The Sixth Circuit held that the exposure of information through an envelope window, even if "benign," created a sufficient risk that the plaintiff's status as a purported debtor would be disclosed, which established an injury-in-fact under the FDCPA. Id. at 252-53. The court reasoned that because the letter had actually been sent in the mail, and an invasion of privacy is a "harm that has traditionally been regarded as providing a basis for a lawsuit," the mailing of the letter with the exposed information provided "a degree of risk sufficient to meet the concreteness requirement" under Spokeo. Id. at 253.

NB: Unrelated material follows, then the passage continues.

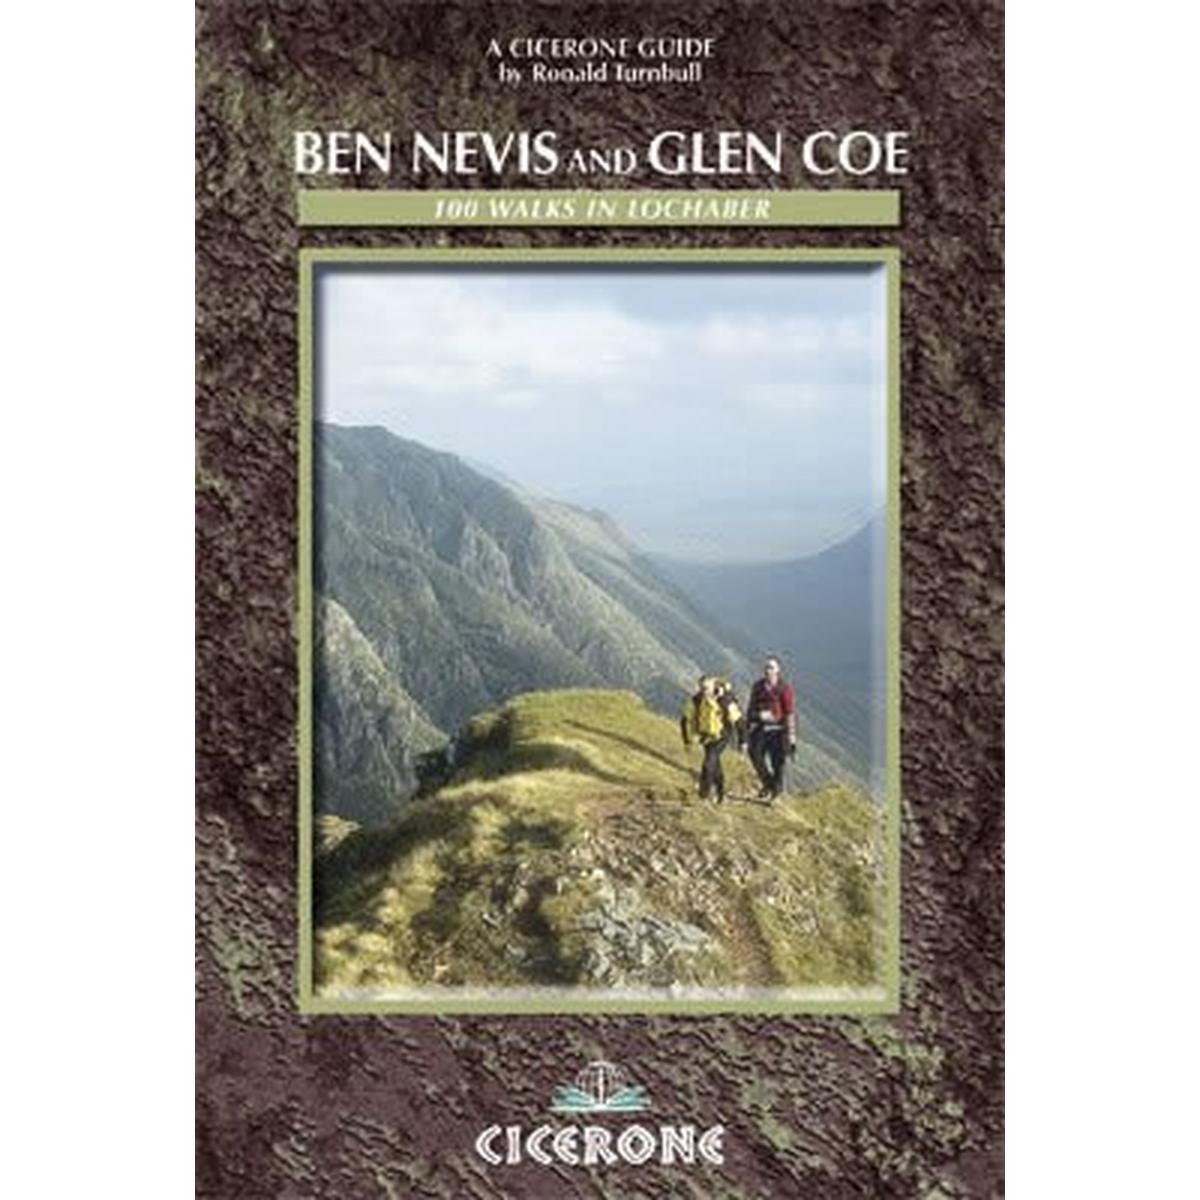 Cicerone Guidebook: Ben Nevis and Glen Coe

The Seventh and Ninth Circuits this past quarter also addressed standing in putative class actions. In Fox v. Dakkota Integrated Systems, LLC, 980 F.3d 1146 (7th Cir. 2020), the Seventh Circuit addressed allegations that the defendant had failed to develop, publicly disclose, and comply with a data-retention schedule and guidelines for the permanent destruction of biometric data under the Illinois Biometric Information Privacy Act (BIPA). In particular, the plaintiff alleged that the defendant had retained her biometric data after her employment ended, in violation of BIPA's requirements. Id. at 1149.

The Seventh Circuit acknowledged that in a prior related case, it had held that merely alleging the non-disclosure of data-retention and data-destruction policies was insufficient to show injury-in-fact under Article III. Id. at 1153-54 (citing Bryant v. Compass Grp. US, Inc., 958 F.3d 617, 619 (7th Cir. 2020)). But the court noted that in this specific case, the defendant's alleged failure to disclose those policies had led to an unlawful retention of the plaintiff's handprint and also to her biometric data being unlawfully shared with a third party. Id. at 1154. Analogizing this unlawful retention of data to the unlawful collection of data (which the court had previously found conferred standing in Bryant), the court reasoned that "the invasion of a legally protected privacy right, though intangible, is personal and real," and therefore sufficient to plead an injury in fact. Id. at 1155.

The Ninth Circuit addressed standing in McGee v. S-L Snacks National, 982 F.3d 700 (9th Cir. 2020), a putative consumer class action. The plaintiff alleged that she had purchased and consumed defendant's popcorn containing trans fats, despite the FDA's determination that trans fats are no longer "generally recognized as safe," and she brought claims under both California's Unfair Competition Law and for present and future physical injury from the ingestion of trans fats. Id. at 703. In support of her claim for physical injury, the plaintiff estimated that she had consumed 0.2 grams of trans fats per day, and cited studies showing a link between consuming trans fats and organ damage. Id. at 709.

The Ninth Circuit held that the plaintiff did not have standing to bring claims for her alleged physical injury. Id. at 710. Even though the plaintiff's cited studies showed a connection between trans fats and organ damage, they did not show that the consumption of trans fats invariably lead to such damage, which is required to establish concrete injury without any individual medical evidence of harm. Id. at 708. As for future injury, the court noted that the plaintiff cited studies involving far greater levels of trans fats consumption, such that the plaintiff had alleged no substantial risk of future health consequences to her. Id. at 710.